From the material below, reproduce exactly the stretch of lines that begins with the line holding "The Mini Pretzel" and ends with the line holding "Russian dressing.", skipping the pictures.

### SUPPLIED DATA
#####

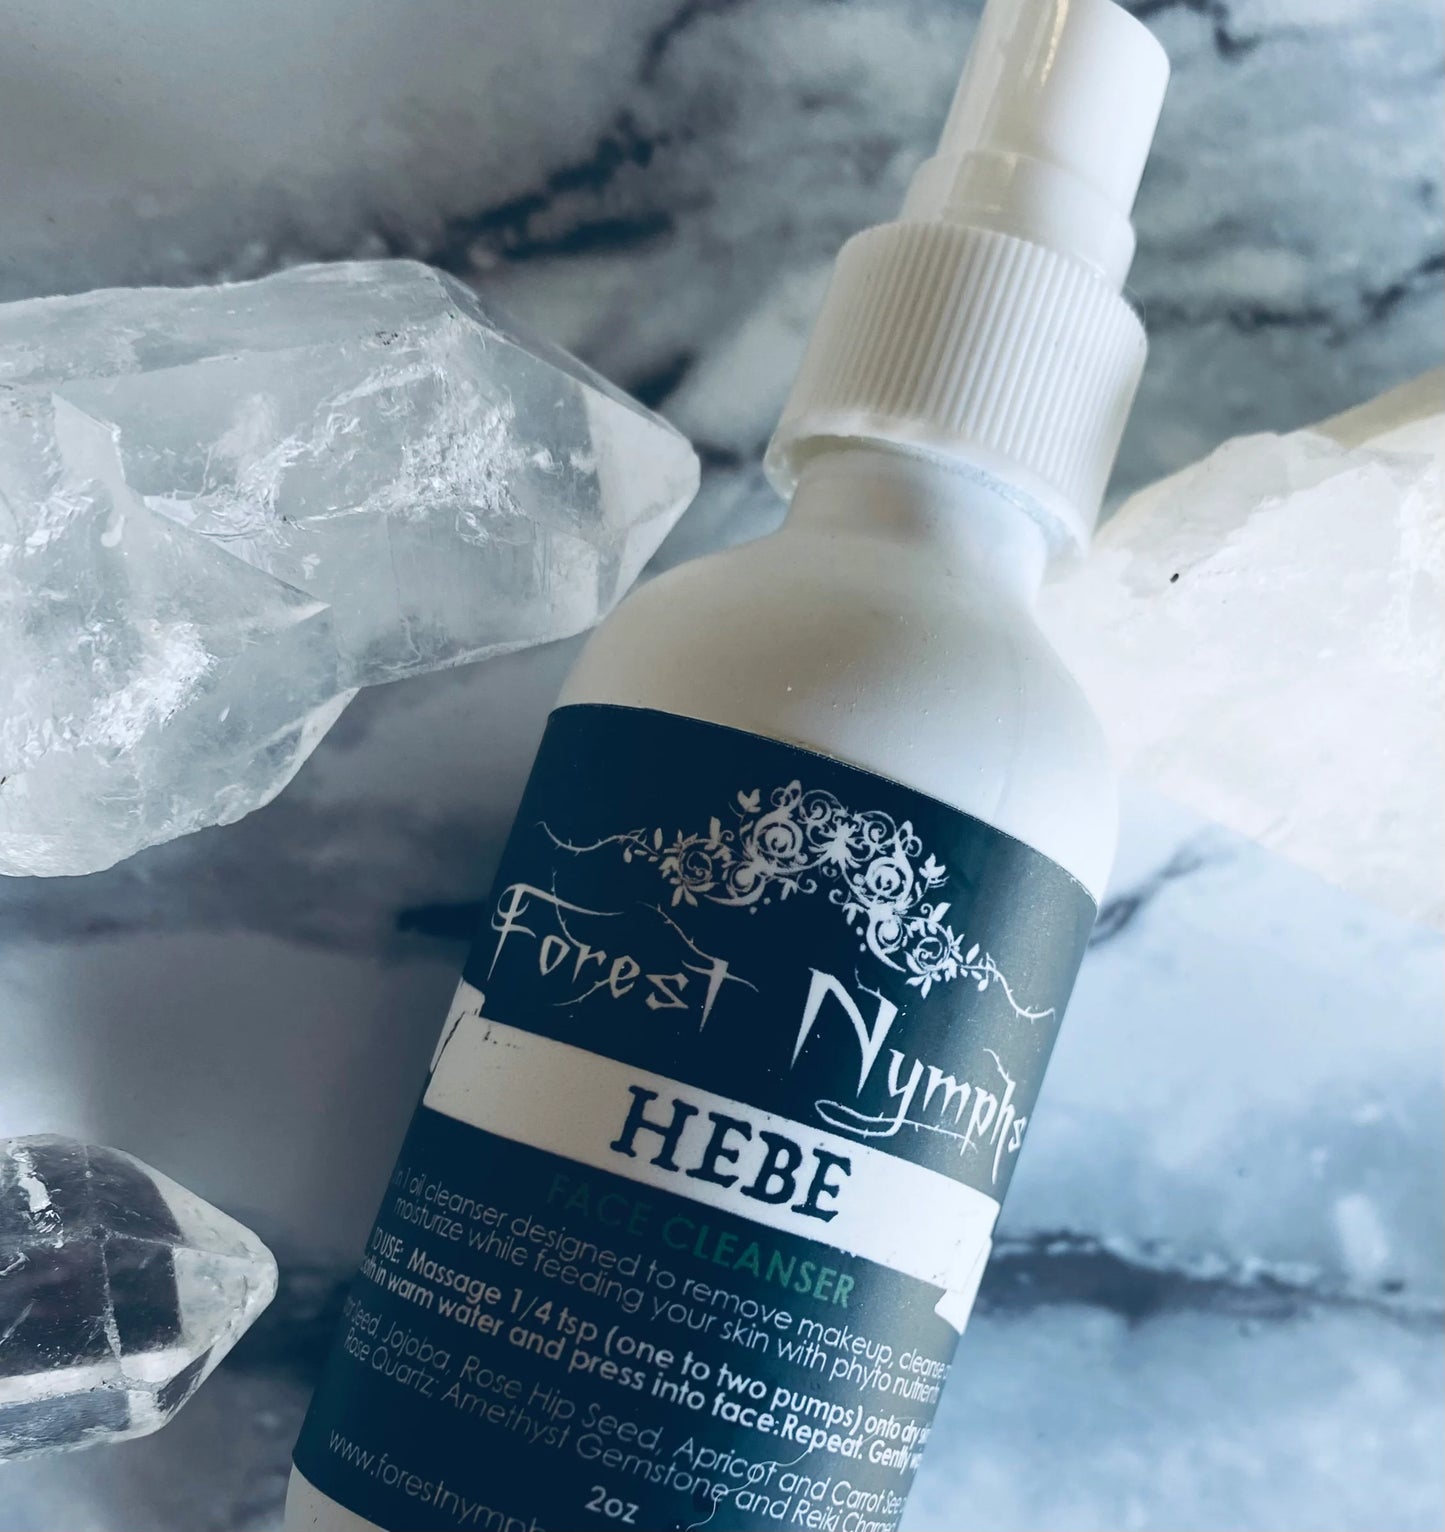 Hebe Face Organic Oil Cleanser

#####

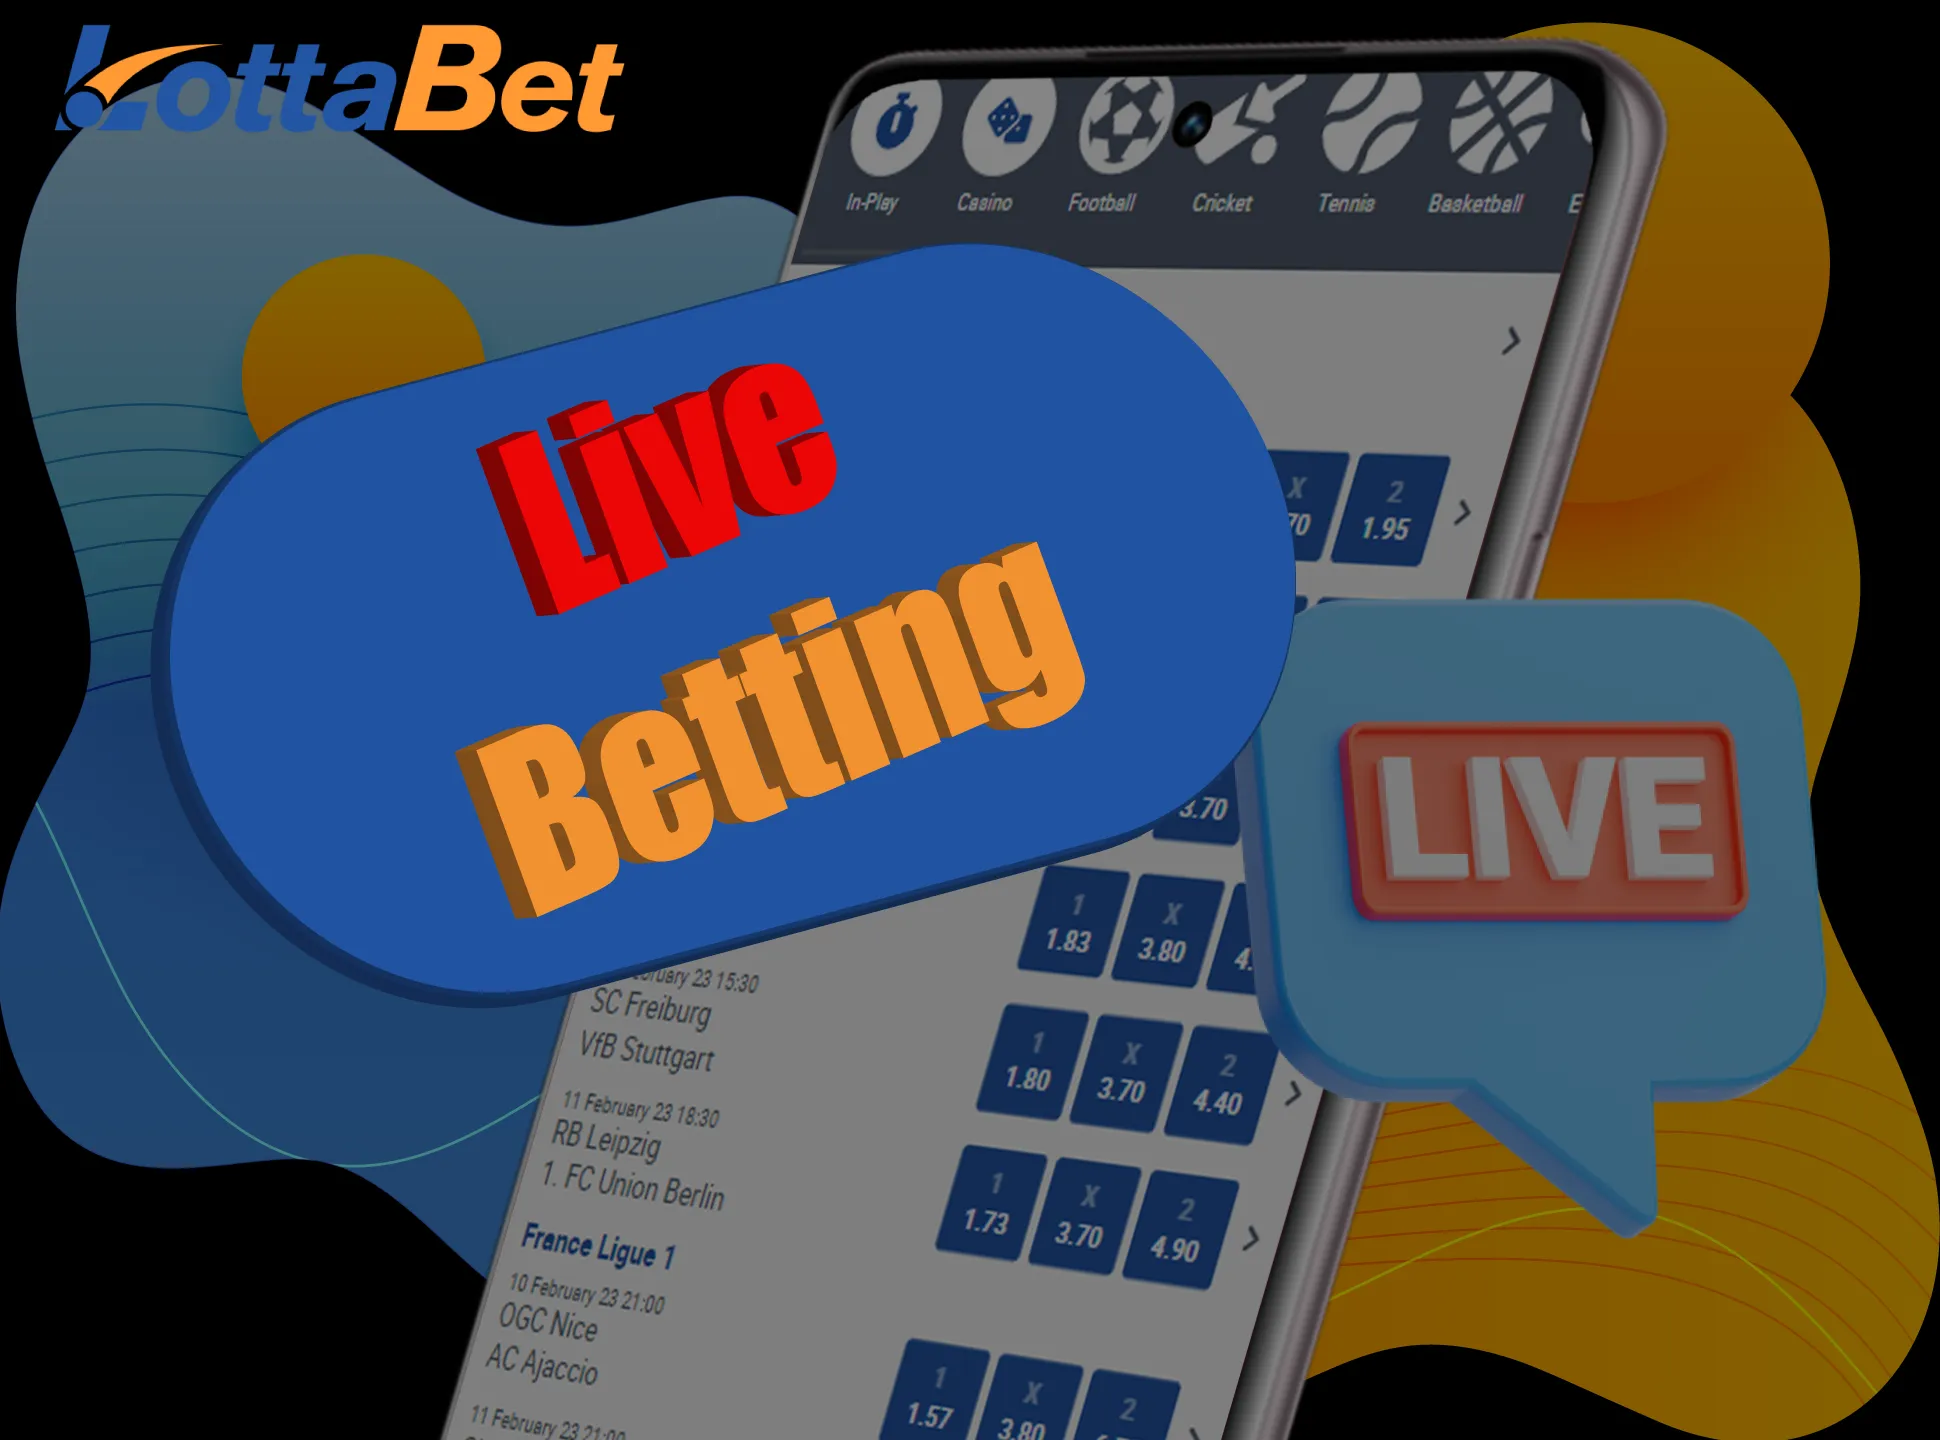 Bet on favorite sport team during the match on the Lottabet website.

#####

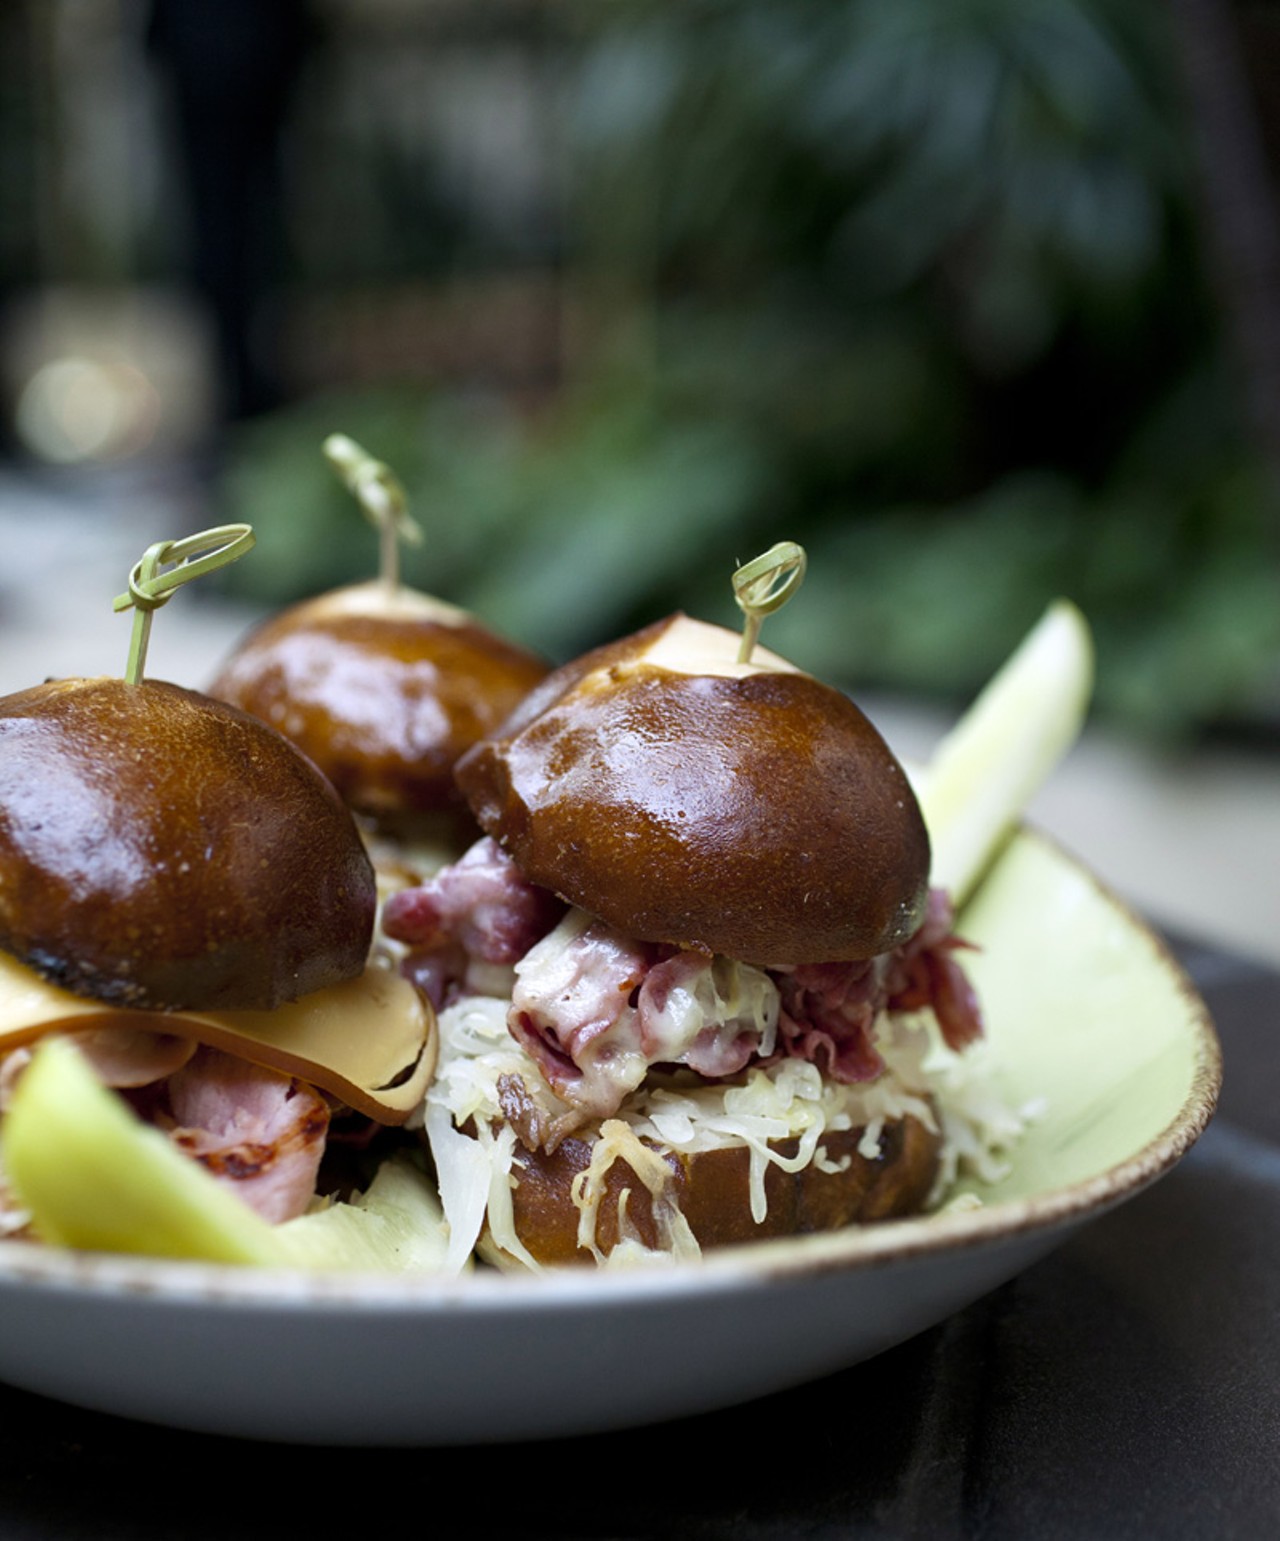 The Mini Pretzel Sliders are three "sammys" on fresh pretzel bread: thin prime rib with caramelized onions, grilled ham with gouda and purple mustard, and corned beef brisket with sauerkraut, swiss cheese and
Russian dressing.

#####

### TASK OUTPUT
 The Mini Pretzel Sliders are three "sammys" on fresh pretzel bread: thin prime rib with caramelized onions, grilled ham with gouda and purple mustard, and corned beef brisket with sauerkraut, swiss cheese and
Russian dressing.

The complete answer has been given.